NLI and FORT scientists use qualitative methods to better understand Landsat imagery users and applications. You can view graphic illustrations below that guide you through examples of Earth observation user case studies and provides in-depth user experiences.  There are more case study reports to view at Human Dimensions of Earth Observations website. 

Ladies of Landsat (Some content used with permission.)

Earth Observation User Case Study: Ladies of Landsat

Ladies of Landsat is a Twitter-based organization that provides an inclusive, supportive network for women in remote sensing both virtually and in person. They share their platform by highlighting their members’ research, celebrating accomplishments, and connecting at professional meetings. Ladies of Landsat aims to continue to honor the Landsat program legacy by recognizing all who came before them and all those who will come next. 





Nikki Tulley (Music is used with permission.)

Earth Observation User Case Study: Speaking a New Language of Landsat

Nikki Tulley is from the community of Blue Gap, Arizona within the Navajo Nation and grew up speaking Navajo, Spanish, and English. The Navajo Nation is located on 27,000 square miles within the Four Sacred Mountains. Nikki first learned about Landsat in her remote sensing classes and learned to speak another language, the Language of Landsat. For her Ph.D., Nikki began work with NASA’s Western Water Applications Office drought severity evaluation tool. In this project, she uses Landsat and other remote sensing technology to help the Navajo Nation in capacity development, training, and building trust of remote sensing data. This supports their drought water resources management decision making process.





Africa Ixmucane Flores Anderson (Some content used with permission.)
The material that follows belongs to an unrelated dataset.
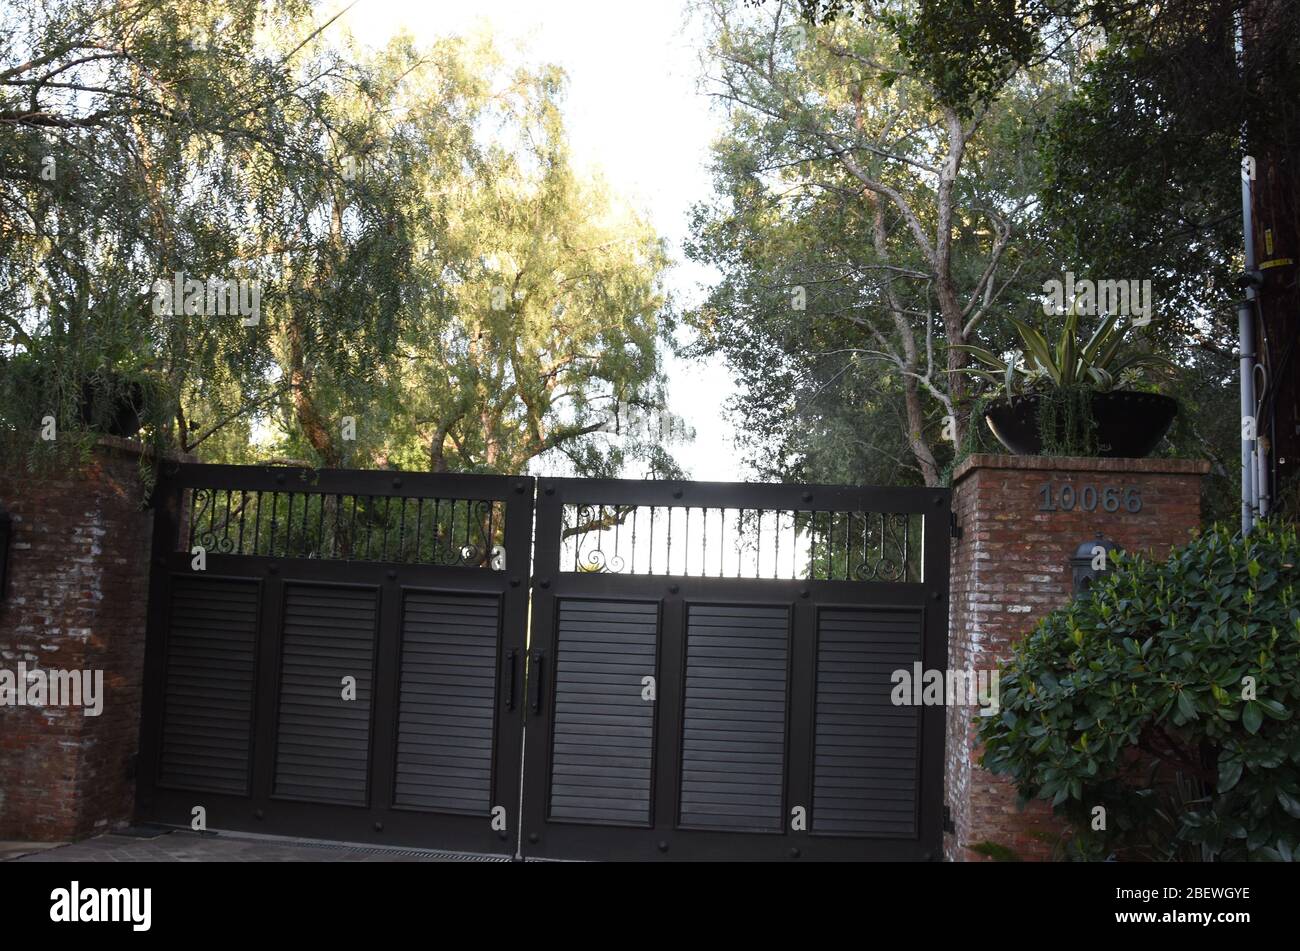 Beverly Hills, California, USA 15th April 2020 A general view of atmosphere of 10066 Cielo Drive where Shaton Tate Lived and Mansion Murders took place (formerly 10050 Cielo Drive) in Beverly Hills, California, USA. Photo by Barry King/Alamy Stock Photo Stock Photo

Earth Observation User Case Study: Africa Ixmucane Flores Anderson

Africa Ixmucane Flores Anderson is a remote sensing scientist at the University of Alabama Huntsville and a Research Scientist and the Amazonia lead at SERVIR, a joint venture between NASA and the U.S. Agency for International Development providing satellite-based Earth monitoring, imaging and mapping data, geospatial information, predictive models and science applications to help improve environmental decision-making among developing nations. Africa was born in Guatemala and while growing up, witnessed the environmental degradation of the natural landscape in her hometown and country. Africa now uses Landsat to monitor harmful algal blooms and advocate for environmental conservation around the world. 





Dr. Jill Deines (Music used with permission.)

Earth Observation User Case Study: Jill Deines

Dr. Jill Deines is a postdoctoral scholar at the Center for Food Security and the Environment at Stanford University working jointly with the NASA Harvest Consortium, a multidisciplinary effort that works to use satellite Earth observations to support food security, agriculture, and human and environmental resiliency in the United States and worldwide. Jill pivoted during her Ph.D. from being only a user of satellite-generated landscape products to producing them using cloud-based remote sensing tools to better answer her research questions about effectively managing agricultural resources. Today, Jill uses Landsat satellite imagery to reconstruct crop yield over the past 20 years to understand ongoing trends in agricultural production and examine alternative management approaches.  





Descartes Labs (Public domain.)

Earth Observation User Case Study: Descartes Labs

Descartes Labs is a New Mexico-based company that developed a geospatial data refinery for building and running machine learning models on Earth observation data. This case study shows how it used Landsat imagery to map urban growth and heating. In the context of rapid urbanization, the Landsat program is well-suited to monitor urban growth and its impacts to social and ecological systems. 







Future case studies will profile the vast range of Landsat users and applications.  These case study reports are part of a longer-term project to document the benefits of Landsat through socioeconomic research and related case studies of applications and users. 

Landsat 8 images of the Camp Fire in California – a 2018 wildfire. Before image was taken on October 7, 2018 and after image was taken on November 8, 2018.